Once again, to me this has nothing to do with Vox or any of his family. I am not a "rank and file fan" of his. I have read the site only a handfull of times.
I actually agree with your assertion that the family of the woman who was raped and murdered could come across that post and they would most likely be hurt by the comments.
I would not find it right for Bane to have a good public laugh at your passing. Just because Bane would be being Bane doesn't make it right.
Some honest emotions/actions are dead wrong.
Yes it would be hypocritical of you to say Banes dead and that you just loved the man to pieces.To me, the moral high ground would be to voice sympathy for the persons surviving family, and leave it at that. Dwelling on the positive aspects that you state are also morally acceptable. Going on about the obvious negatives of someone serves no purpose but to vilify them and edify ones self in the process.
You admonish some one for ridiculing a dead woman and possibly subjecting her family to something hurtful. Then you do the same when the situation suits you.
That is hypocritical.
One thing we agree upon is that I do see things in shades of black and white. I do realize the coin has two sides. That being said boths sides are diametrically opposed. Heads or tails, right or wrong.

Morgan said...

I'm afraid my mind can't be smushed into a neat little box as readily as yours.

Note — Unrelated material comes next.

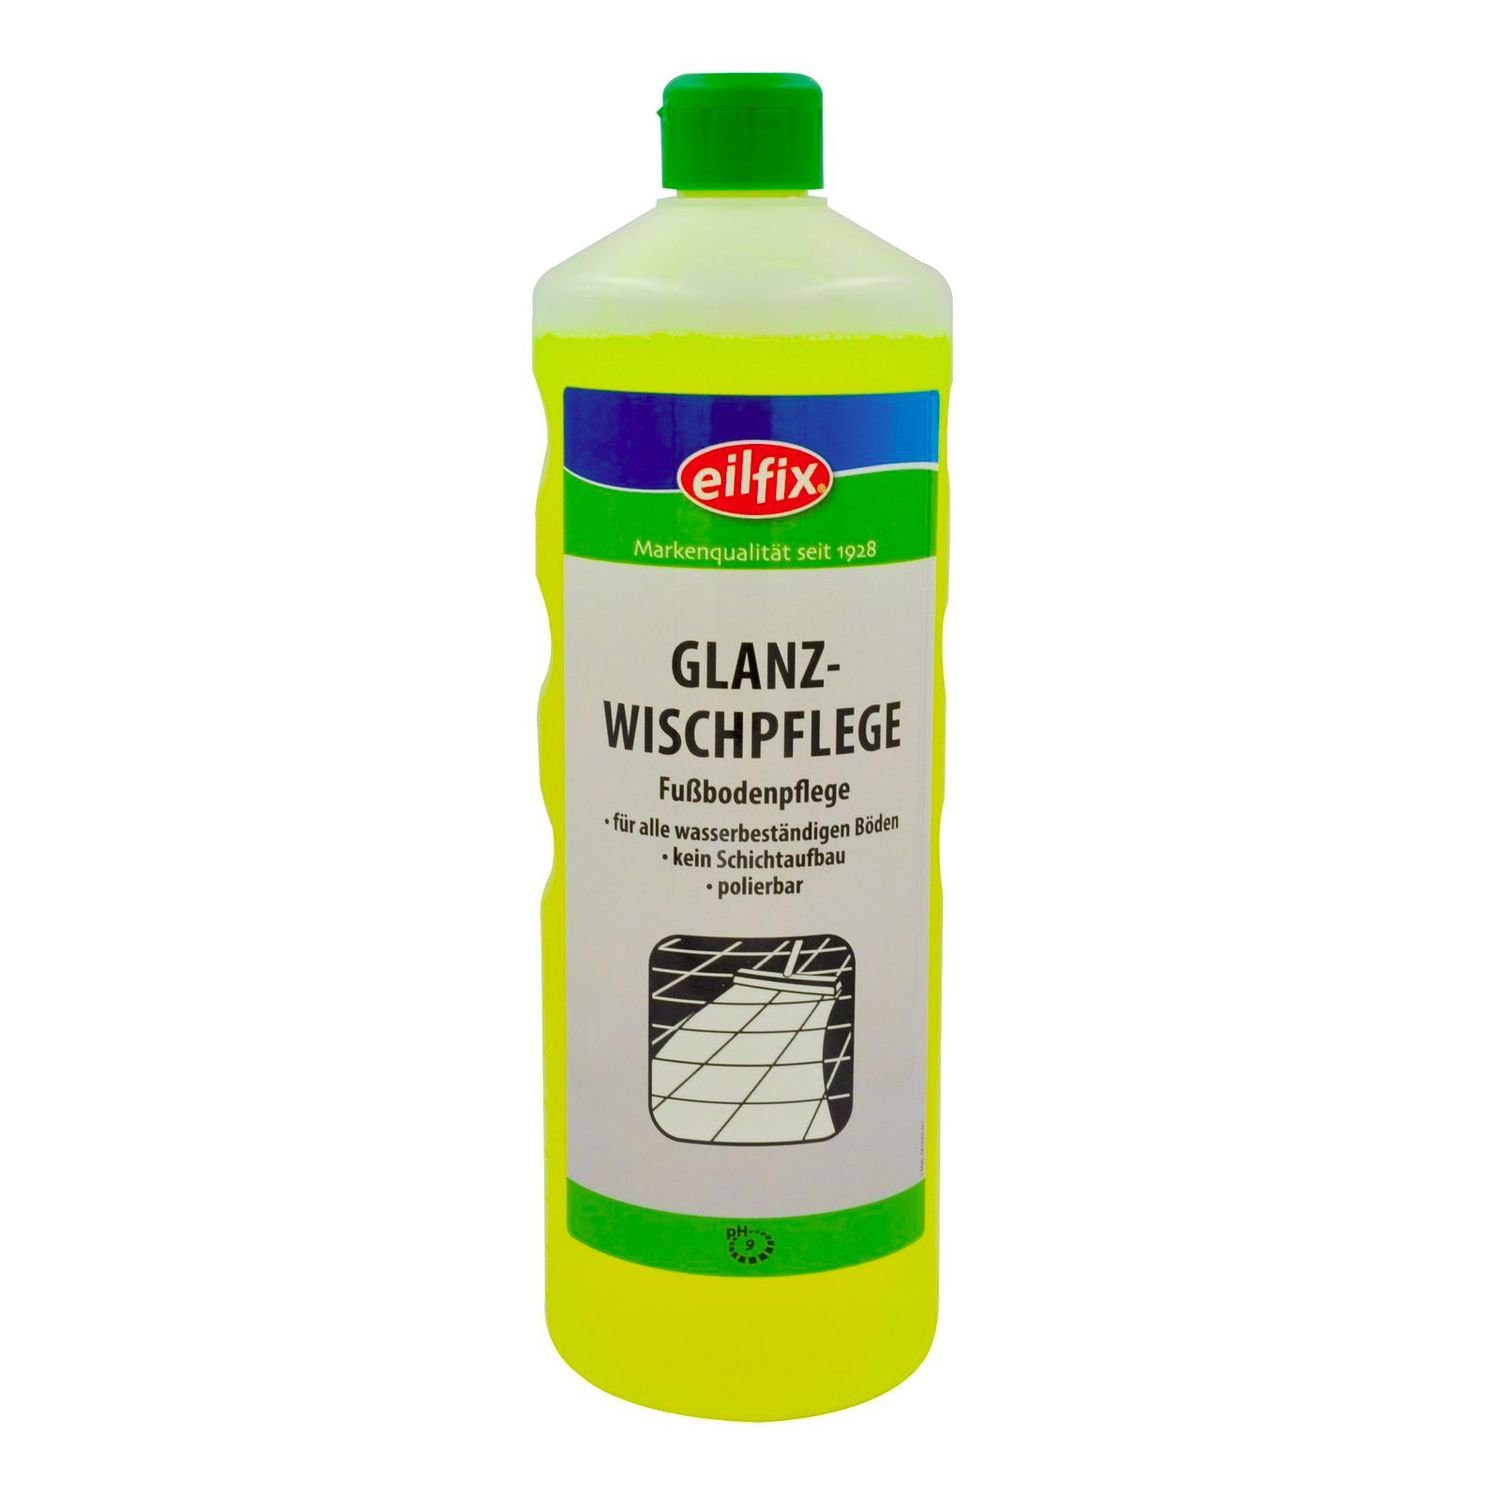 Eilfix Besteckschublade Glanzwischpflege - 1 Liter Flasche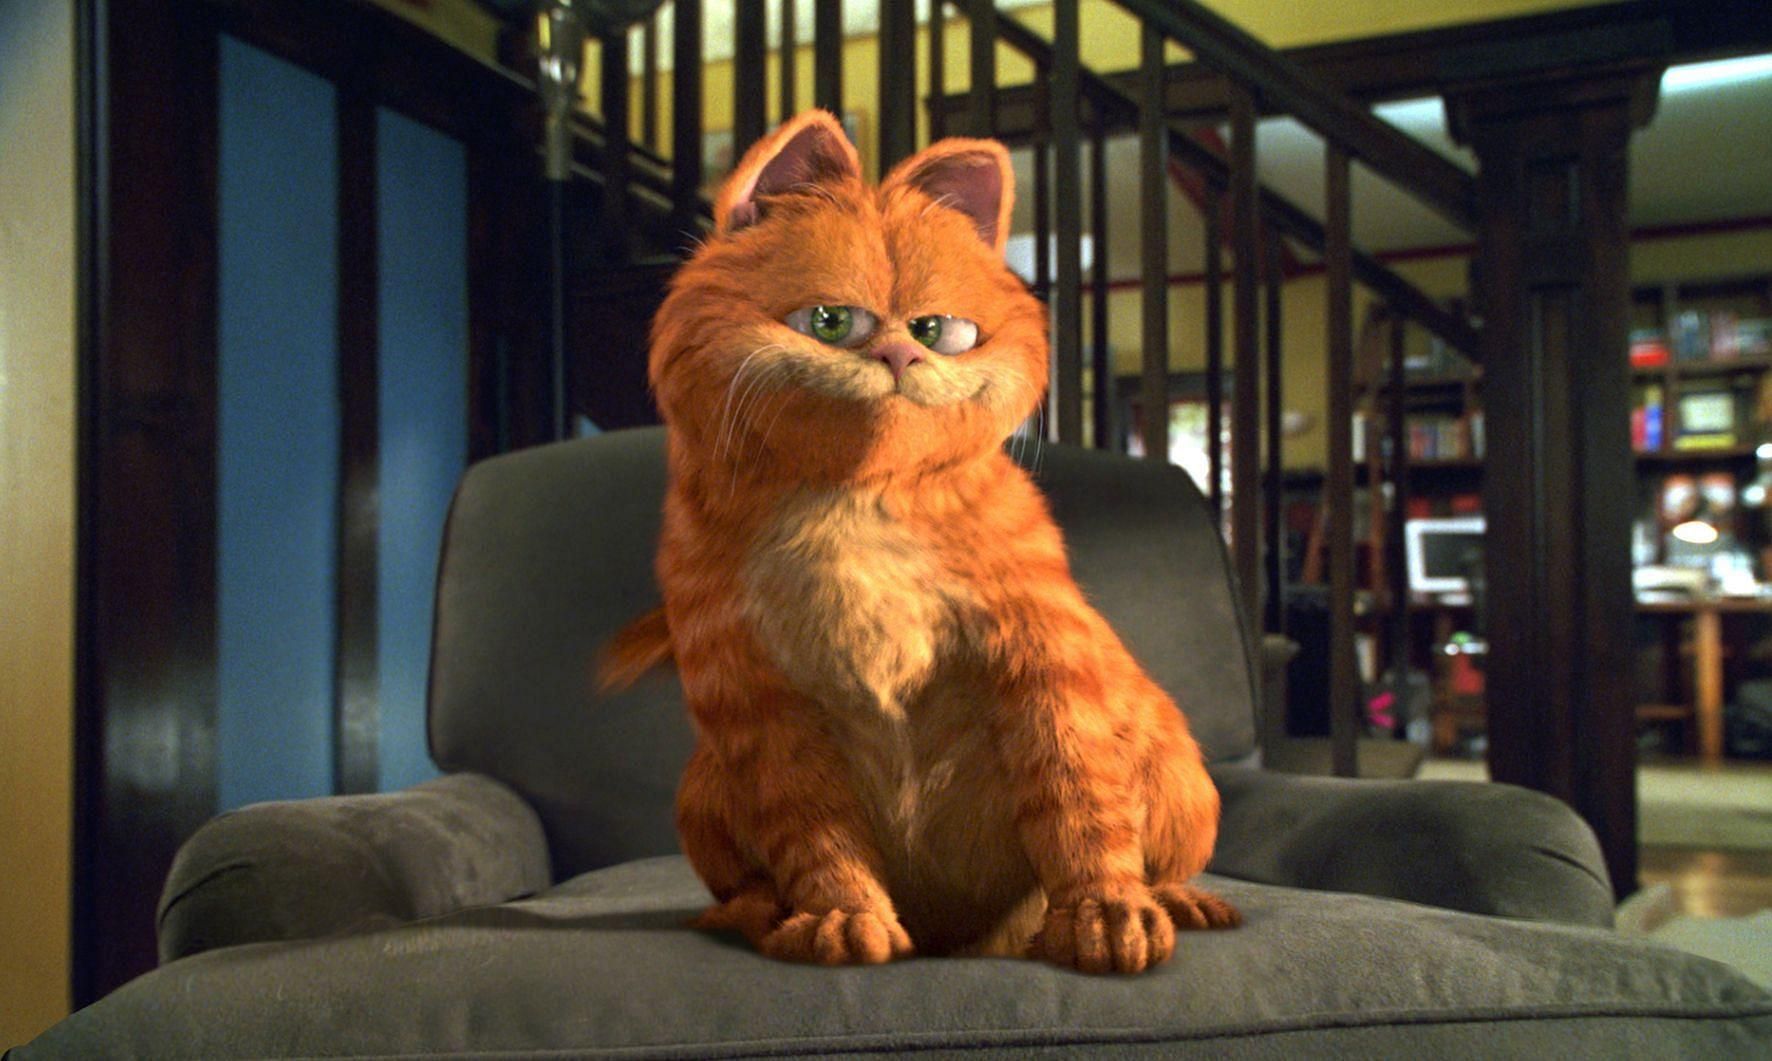 Garfield from the movie (Image via Nickelodeon)

People aren't perfect, TT, and what you saw as insults to Bane were merely observations. If you go and read some of the post-humous comments you'll see that he was frequently described as disturbed, disturbing, psychopathic and crazy - and these were comments made by people who liked him!

Someday when I am gone I will be remembered as spiky, belligerent, outspoken, outrageous, combative, arrogant, bitchy and impossible. And you know what? Anyone in my family who read that would say, "Yep, that's Morgan. That's who she was, all right." And they'll recall that my faults made me as much who I was as what positive attributes I had. And hopefully, rather than looking for some sort of fundamentalist-style closure, they'll forgo the ridiculous hand-wringing you've displayed and understand that those faults deserve to be remembered because that was part of what made me so interesting.

Not everyone just sees beauty in The Good. Some of us see it in The Evil. One cannot exist without the other. Both resides in all of us. Even you, I'll bet.